Tom Hooper: Oh, I think it was a great story, so I can honestly say I only came to this material because I happen to be half-Australian and half-English, which also makes me uncannily suited to the material. My parents live in London and my Australian mom was invited by Australian friends of hers to a play reading at a tiny fringe theater of an unrehearsed, un-produced play called “The King’s Speech” in late 2007. They wanted her there to make up a kind of token Australian contingent. She almost didn’t go, it didn’t sound that promising, but in the end, they’re good friends, so she said yes. She came home and said, “I’ve just seen this play and I think I’ve found your next film.”

CS: Holy crap, wow.

Hooper: Isn’t that extraordinary?

CS: Is your mother your agent as well?

Hooper: I mean, she’s a writer. She’s a kind of combination. She’s mainly a children’s writer, but she’s published over 60 books, so she’s pretty astute about stories, so that’s the context of her having a good brain, but no, it was an amazing thing and particularly because her Australian-ness also meant that for years I wanted to do a film that deals with the English-Australian relationship because of my upbringing.
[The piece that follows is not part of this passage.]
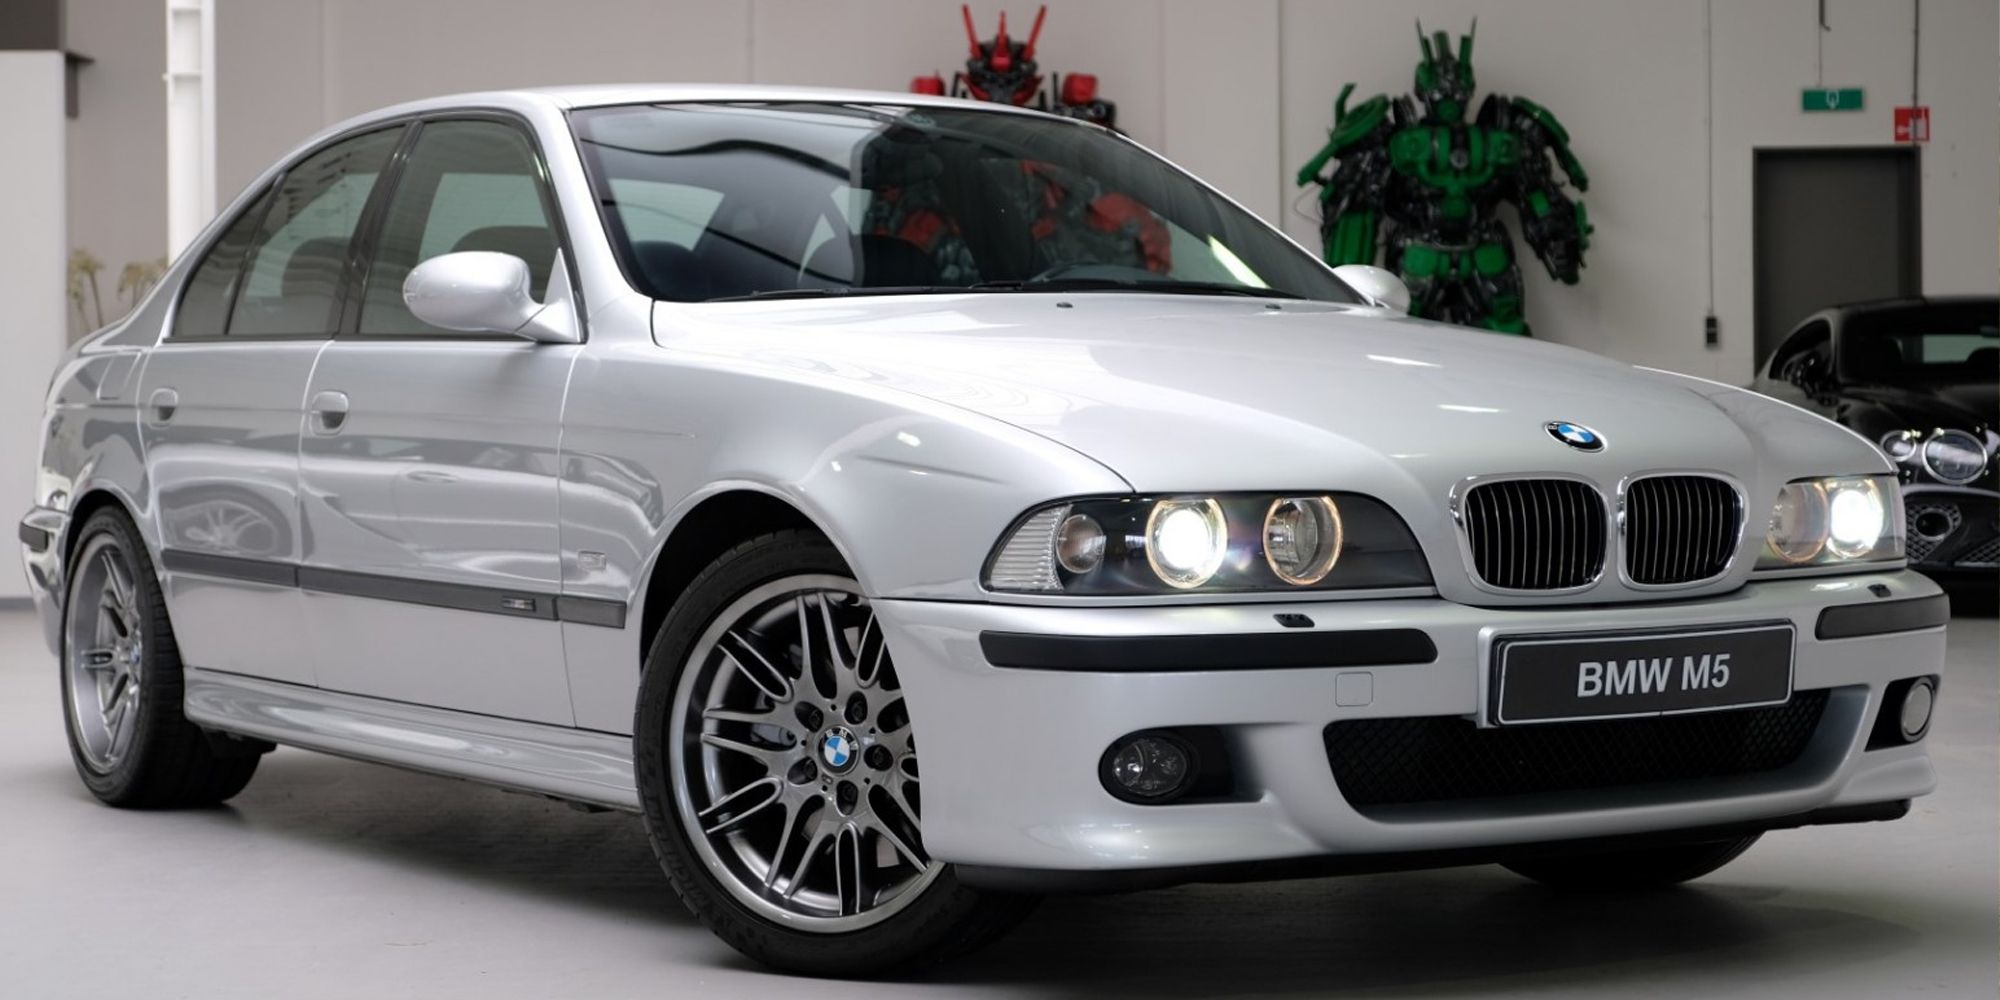 The front of the E39 M5

One of the narratives of my childhood growing up was to see Mom unpacking and my dad and his English upbringing, so this was a story that I knew inside out.

CS: The amazing thing about this movie is that on paper, it doesn’t really sound that interesting–a king with a stammer problem having to overcome it–even if you know Colin Firth and Geoffrey Rush are in it, both of whom I love, it’s not something on paper that sounds particularly interesting. When people first saw it at Telluride, they were completely blown away and that’s when all the excitement started. When you first got the script and were reading it, did you immediately have the same kind of reaction as those who’ve seen the movie?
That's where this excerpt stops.